• **Required action**
Your output should be the lines below from the one with "Best Diamond Jewelry" through the one with "Cartoon, il monopolio", copied exactly, pictures excluded.

• **Given data**
>>>

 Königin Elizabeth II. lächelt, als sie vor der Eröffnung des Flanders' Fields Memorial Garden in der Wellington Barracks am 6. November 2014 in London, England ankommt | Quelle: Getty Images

<<<
>>>

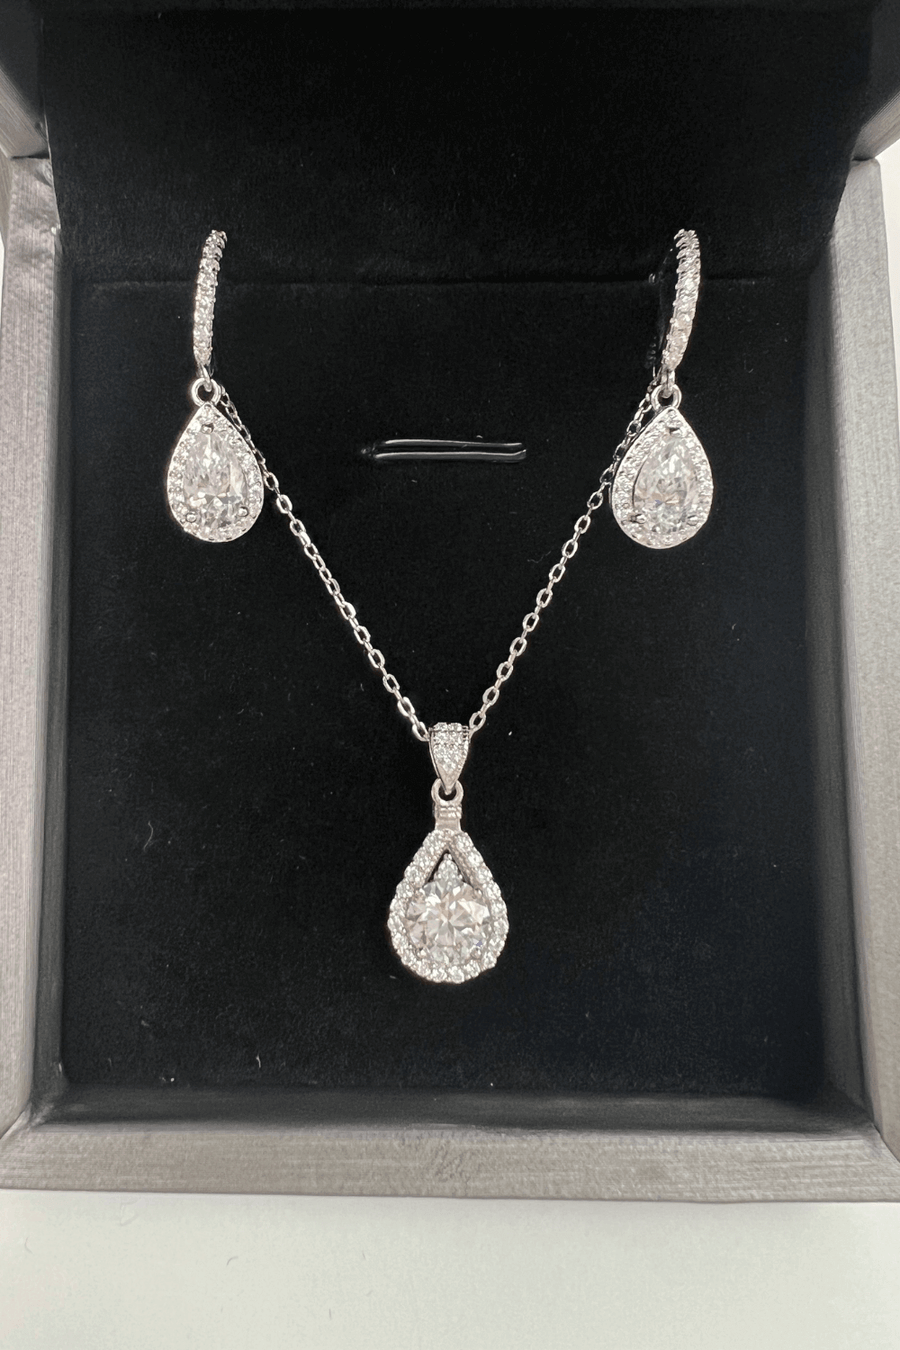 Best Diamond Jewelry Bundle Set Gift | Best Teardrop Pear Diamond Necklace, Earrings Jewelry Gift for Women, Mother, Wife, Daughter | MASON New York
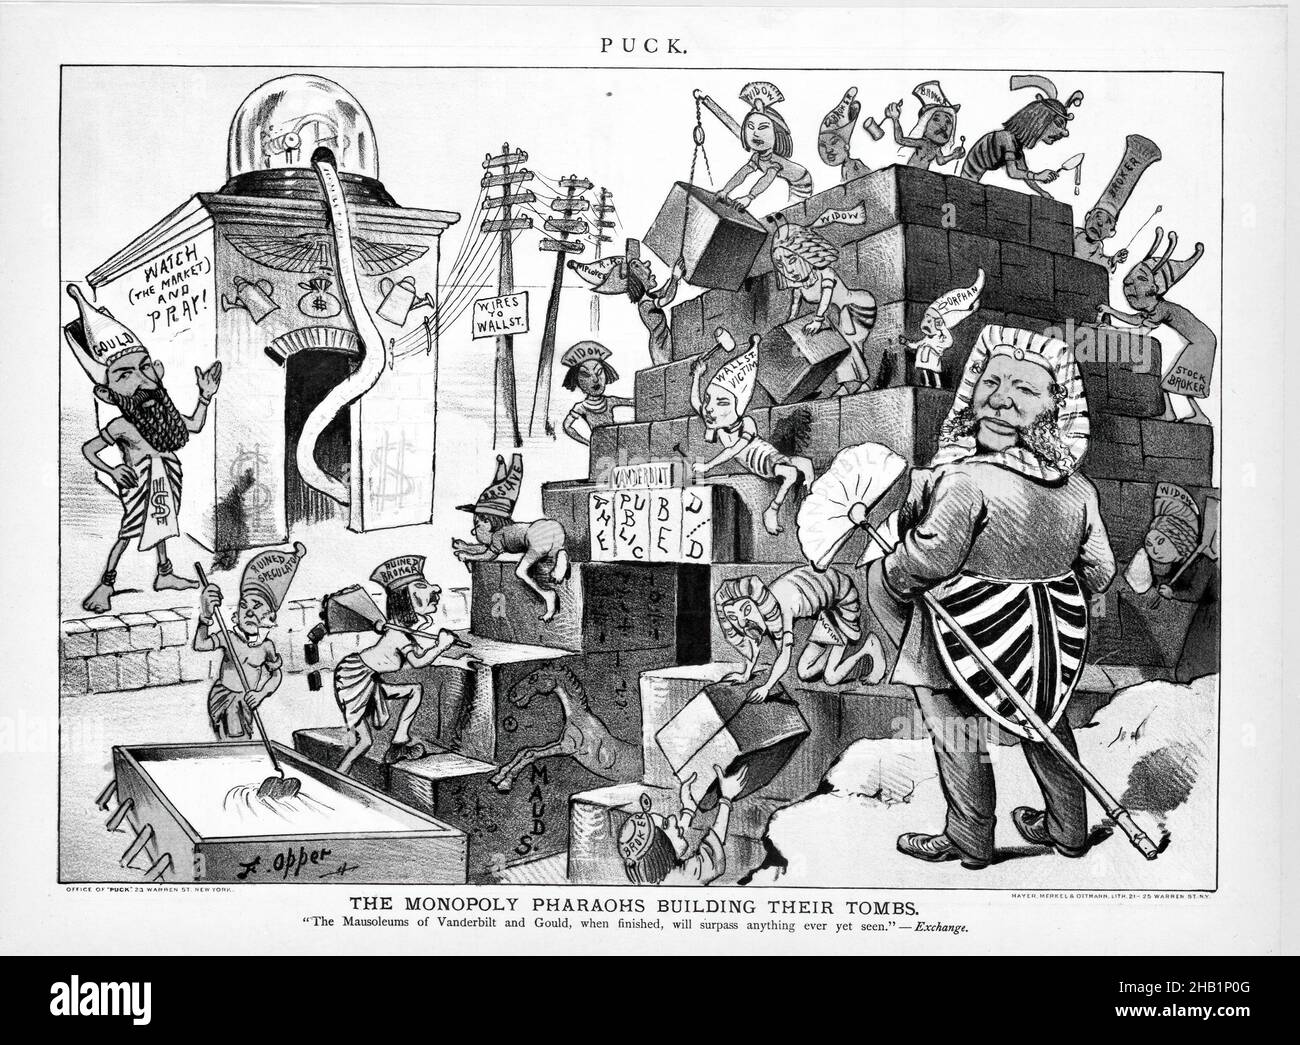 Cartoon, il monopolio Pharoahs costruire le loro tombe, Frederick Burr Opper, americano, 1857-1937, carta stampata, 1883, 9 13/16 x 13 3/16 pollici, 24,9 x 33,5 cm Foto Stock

<<<

• **Problem solution**
 Best Diamond Jewelry Bundle Set Gift | Best Teardrop Pear Diamond Necklace, Earrings Jewelry Gift for Women, Mother, Wife, Daughter | MASON New York
 Cartoon, il monopolio Pharoahs costruire le loro tombe, Frederick Burr Opper, americano, 1857-1937, carta stampata, 1883, 9 13/16 x 13 3/16 pollici, 24,9 x 33,5 cm Foto Stock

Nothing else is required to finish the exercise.